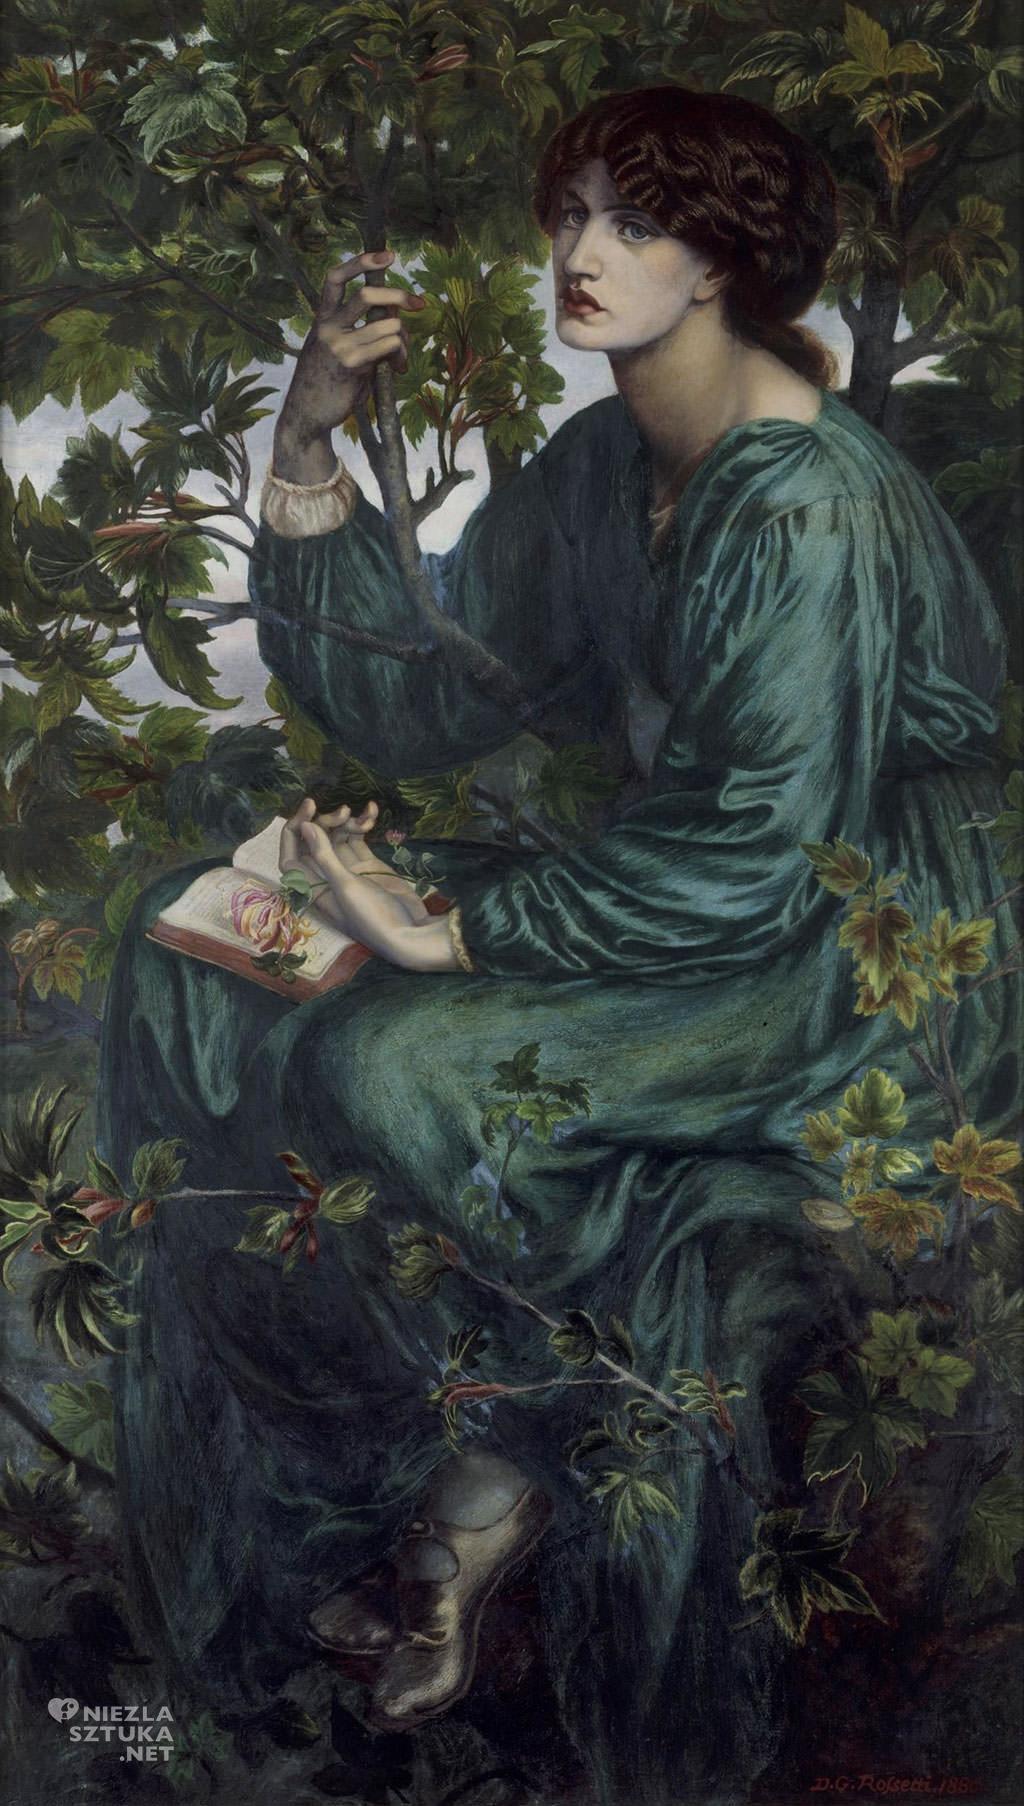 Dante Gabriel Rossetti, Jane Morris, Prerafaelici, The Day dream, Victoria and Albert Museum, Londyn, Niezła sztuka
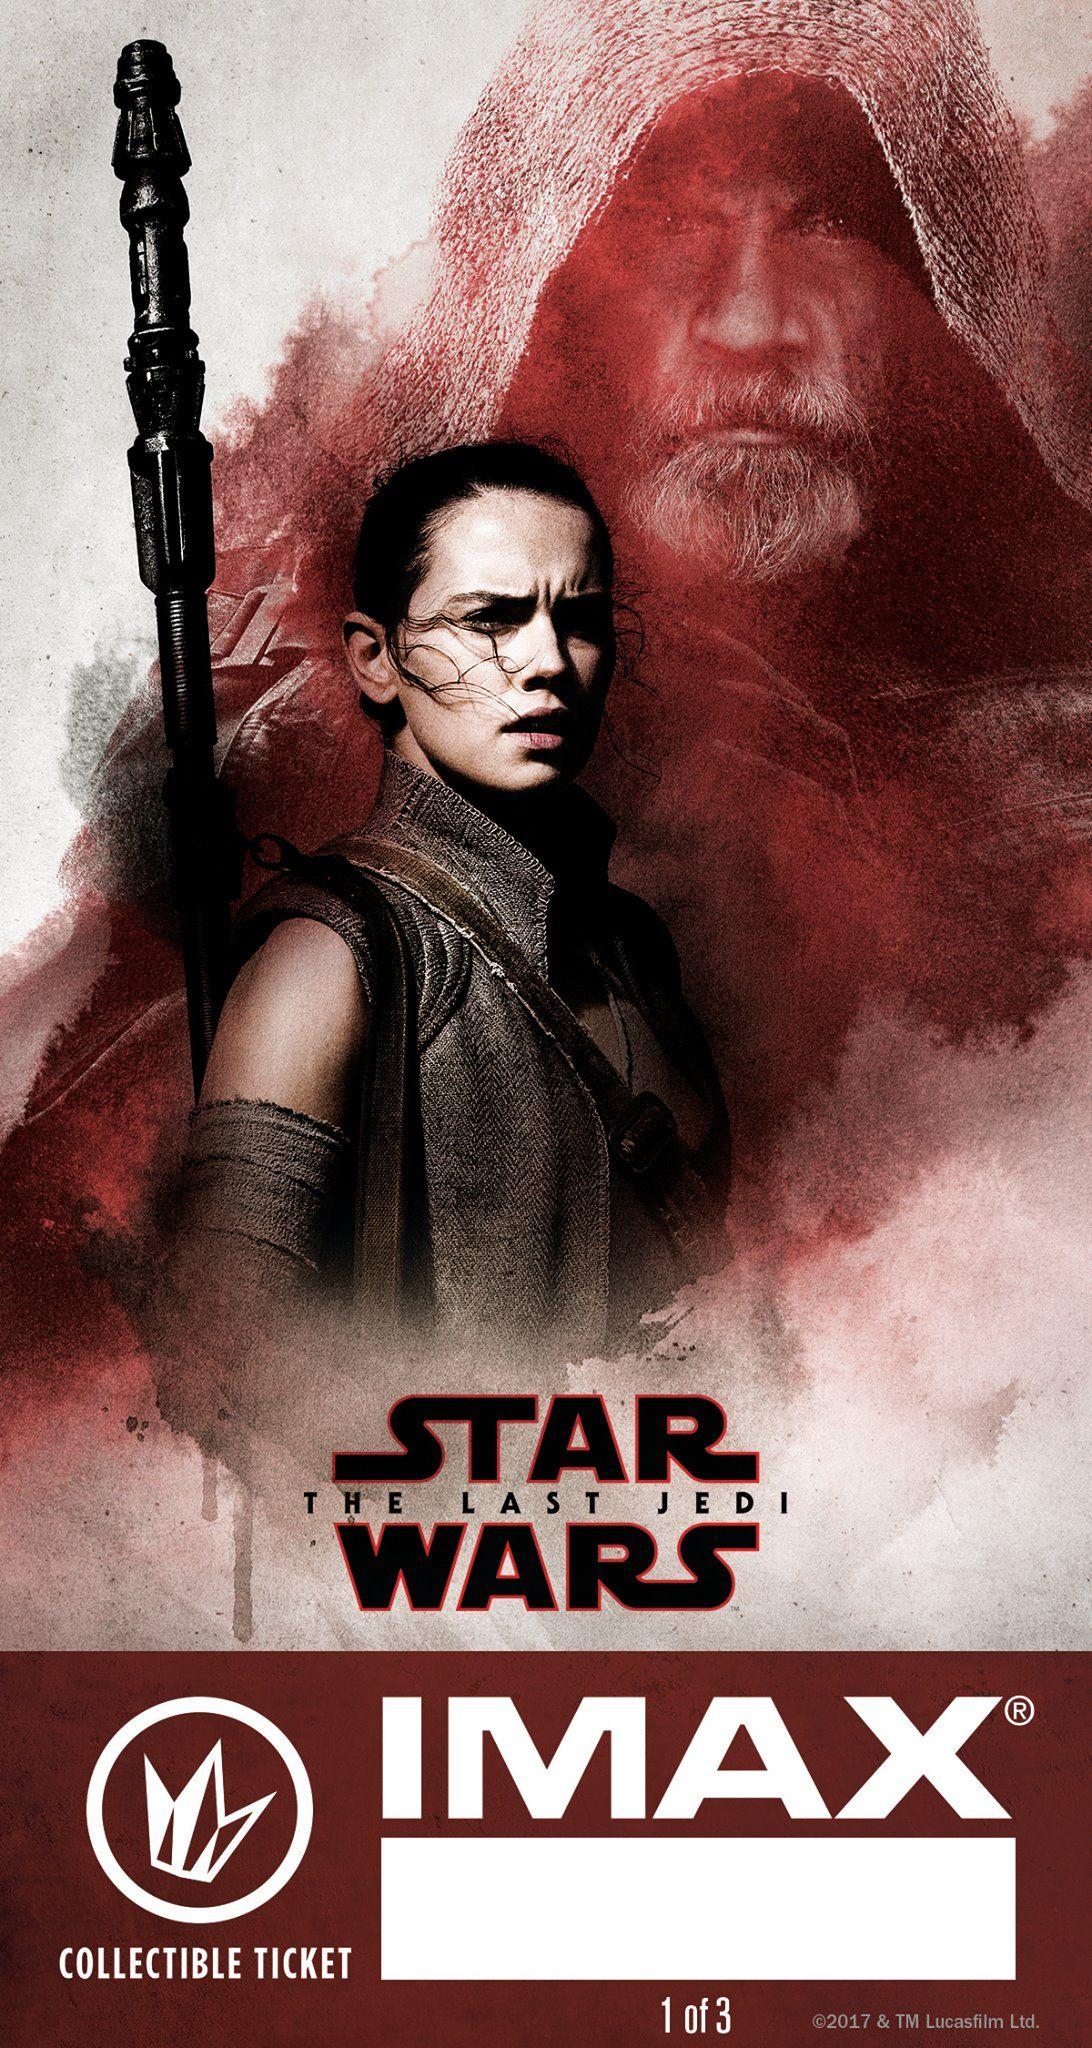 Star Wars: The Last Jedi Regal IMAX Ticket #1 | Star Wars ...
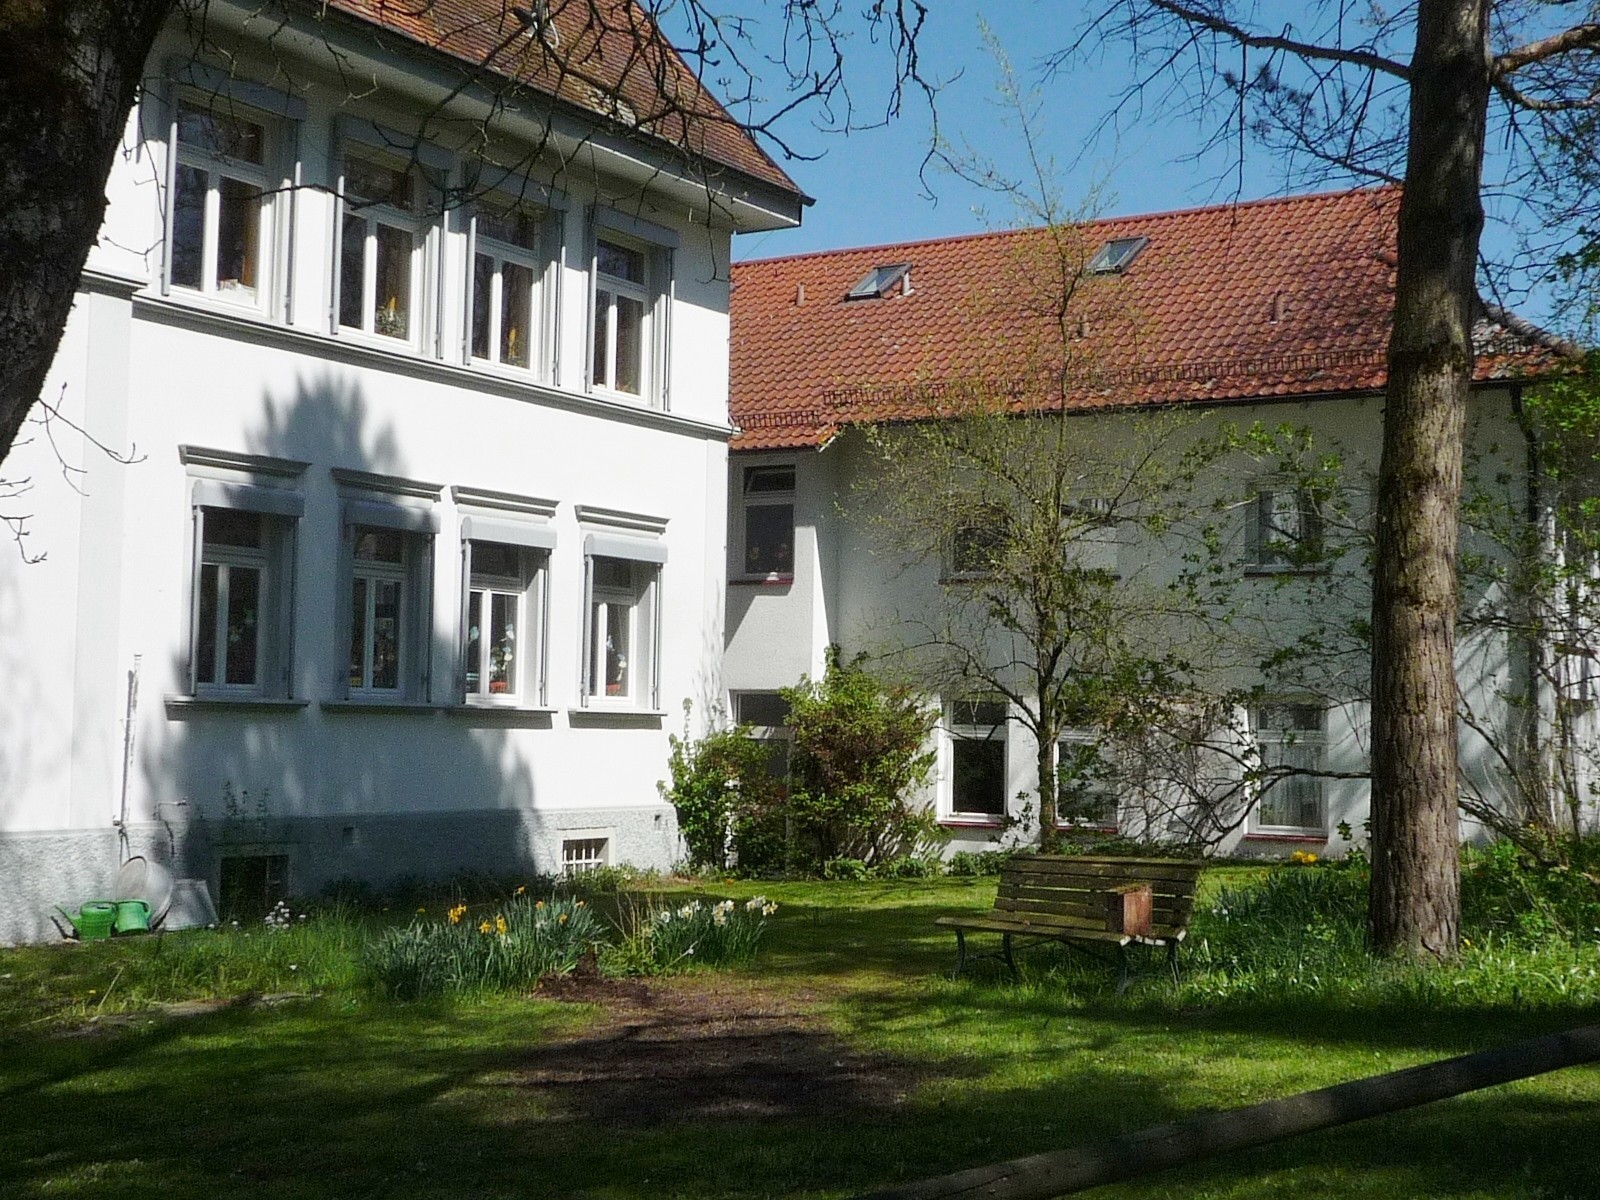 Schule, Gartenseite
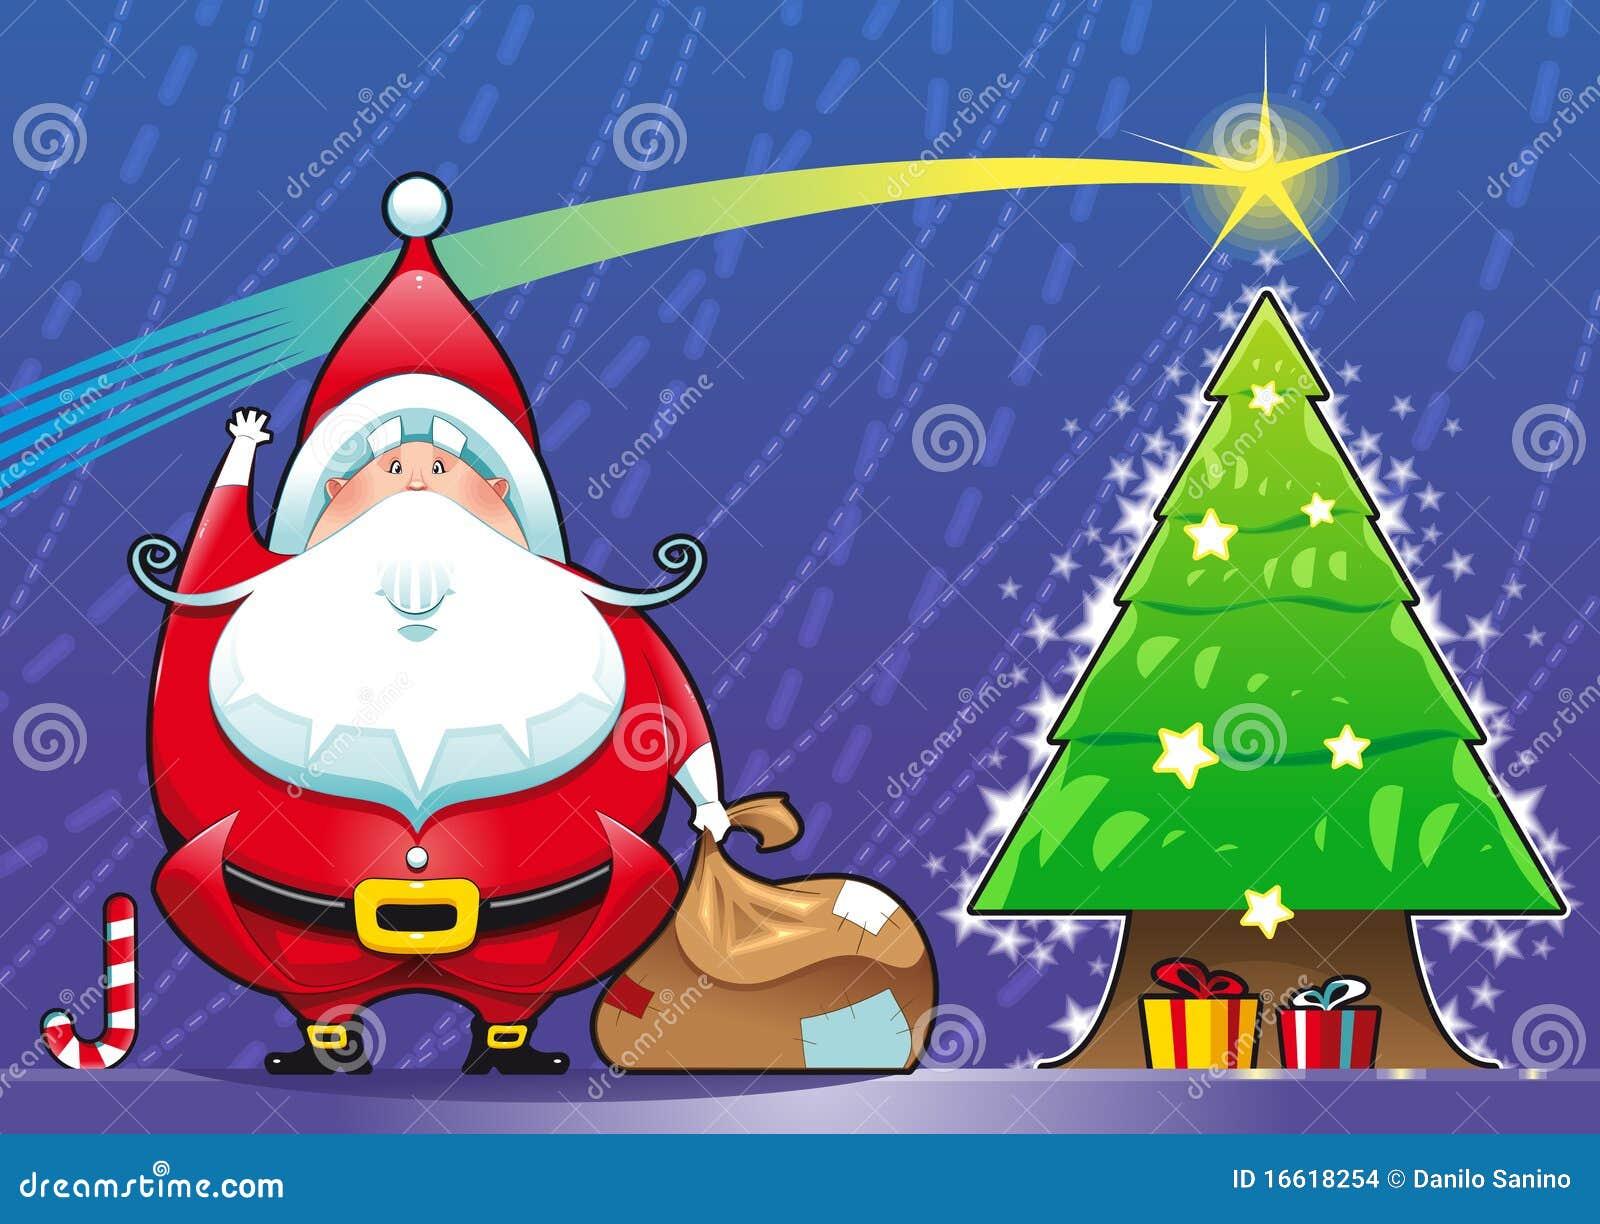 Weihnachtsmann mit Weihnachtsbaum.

### Instructions to follow:
Only the pictures are to be dropped; all other material above must be repeated exactly.

### Response to the exercise:
 Dante Gabriel Rossetti, Jane Morris, Prerafaelici, The Day dream, Victoria and Albert Museum, Londyn, Niezła sztuka
 Star Wars: The Last Jedi Regal IMAX Ticket #1 | Star Wars ...
 Schule, Gartenseite
 Weihnachtsmann mit Weihnachtsbaum.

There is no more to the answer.